The lines to return run from the one containing "A Joshua tree" through the end of the material; give them exactly and leave out the pictures.

## Dataset extract
******************************
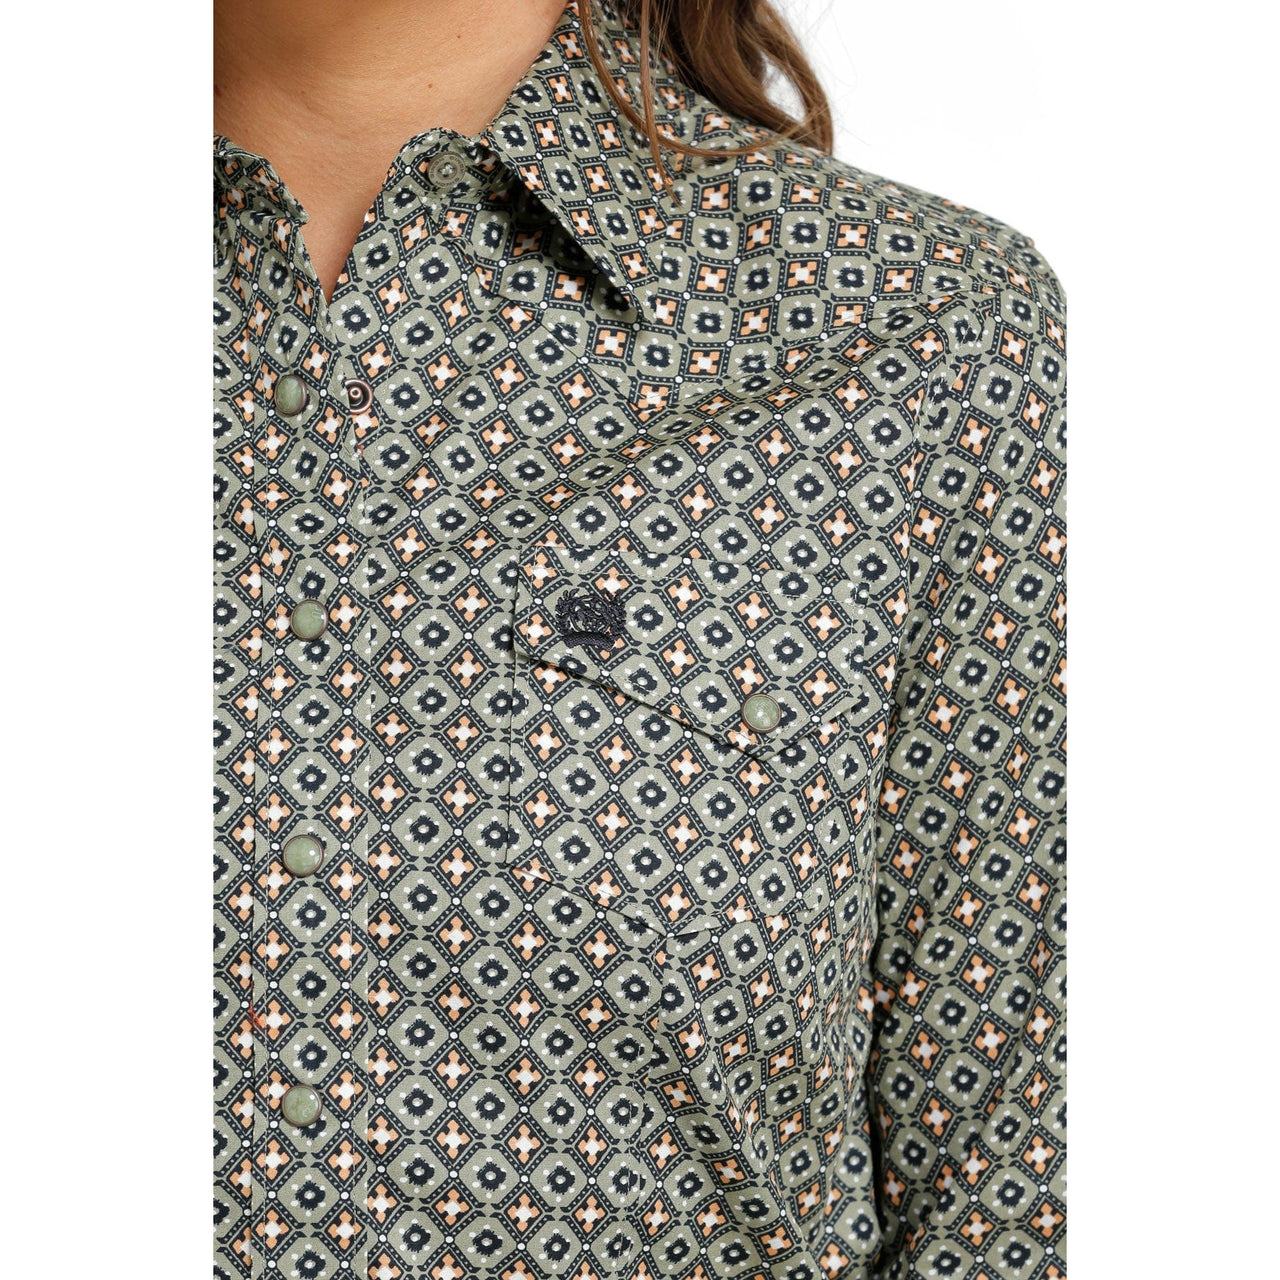 Cinch Women's Long Sleeve Printed Snap Western Shirt - Olive
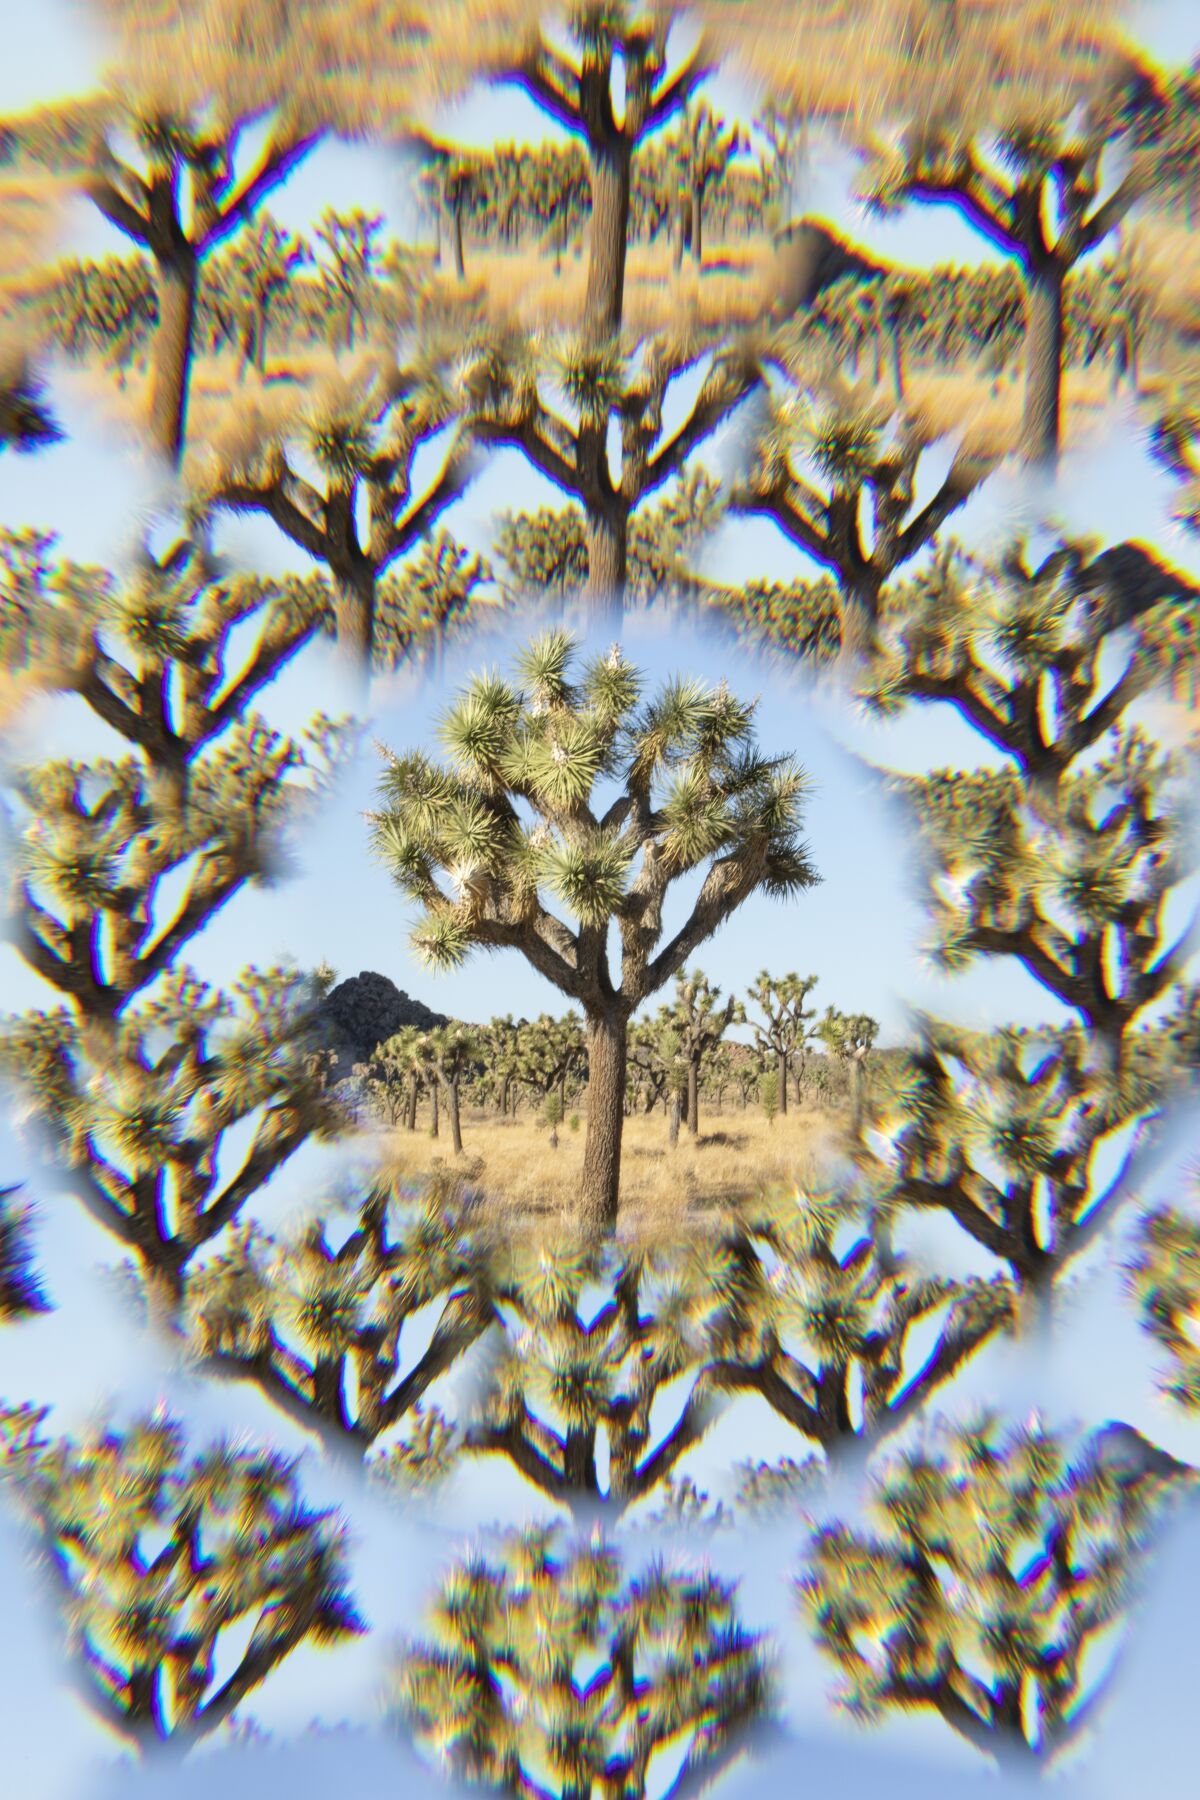 A Joshua tree photographed using a kaleidoscope lens filter
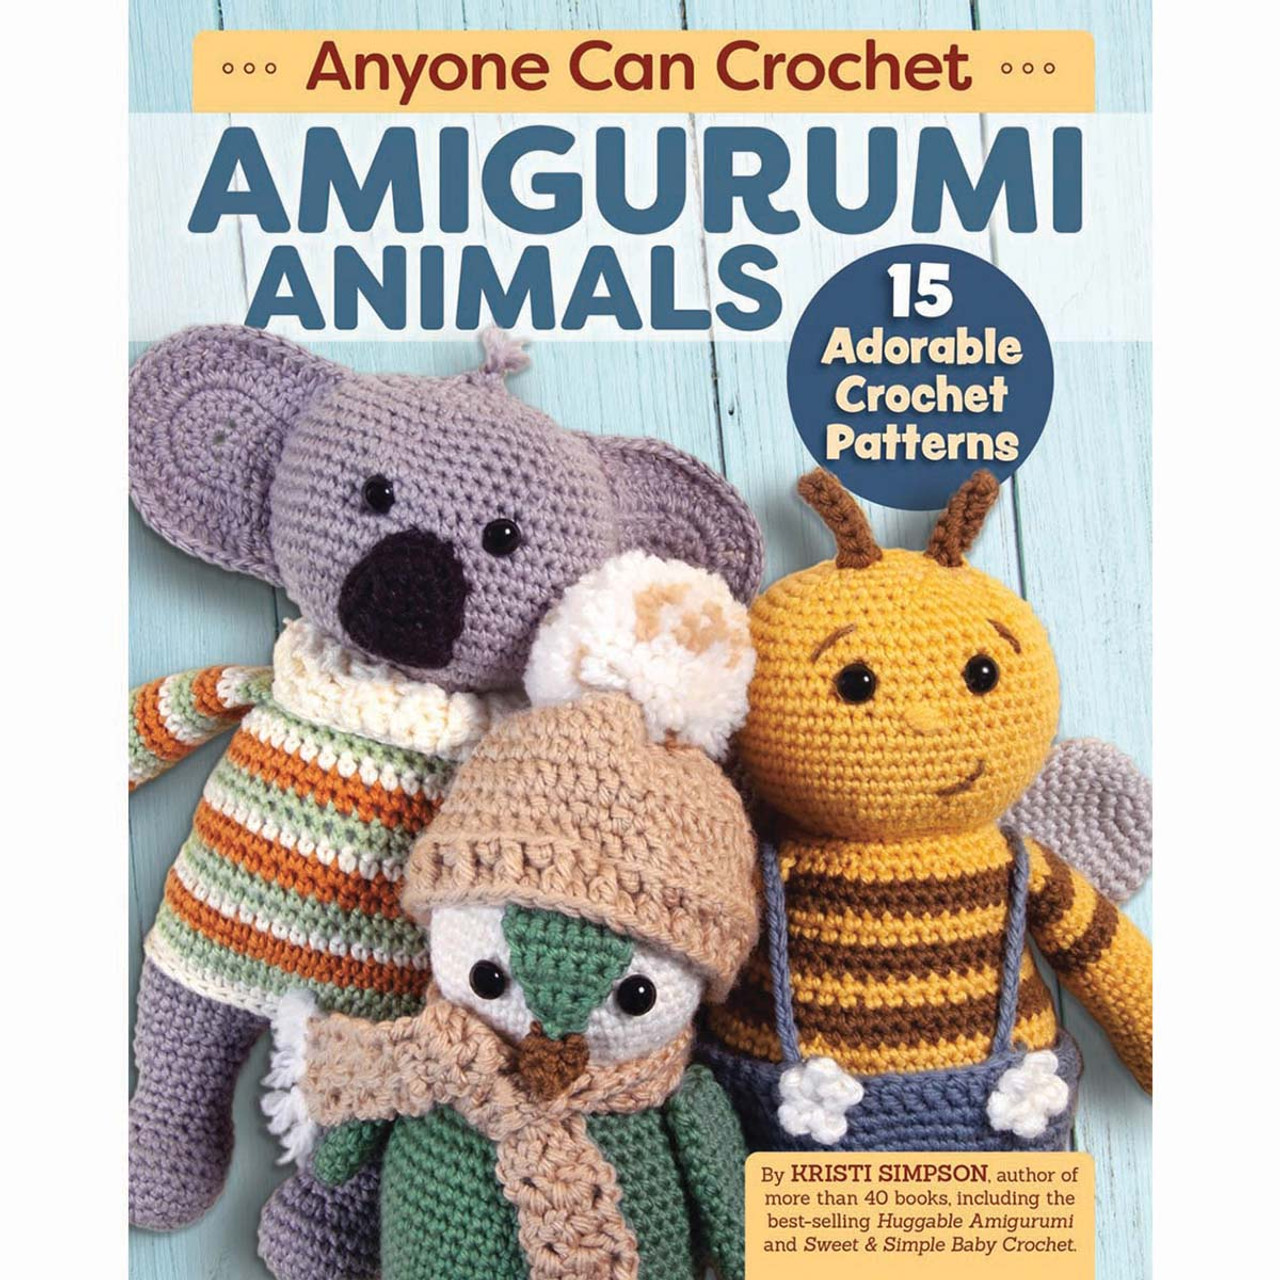 Leisure Arts Little Crochet Friend Animals Crochet Kit, Bunny, 8, Complete Crochet  kit, Learn to Crochet Animal Starter kit for All Ages, Includes  Instructions, DIY amigurumi Crochet Kits
******************************
## Result of the task
 A Joshua tree photographed using a kaleidoscope lens filter
 Leisure Arts Little Crochet Friend Animals Crochet Kit, Bunny, 8, Complete Crochet  kit, Learn to Crochet Animal Starter kit for All Ages, Includes  Instructions, DIY amigurumi Crochet Kits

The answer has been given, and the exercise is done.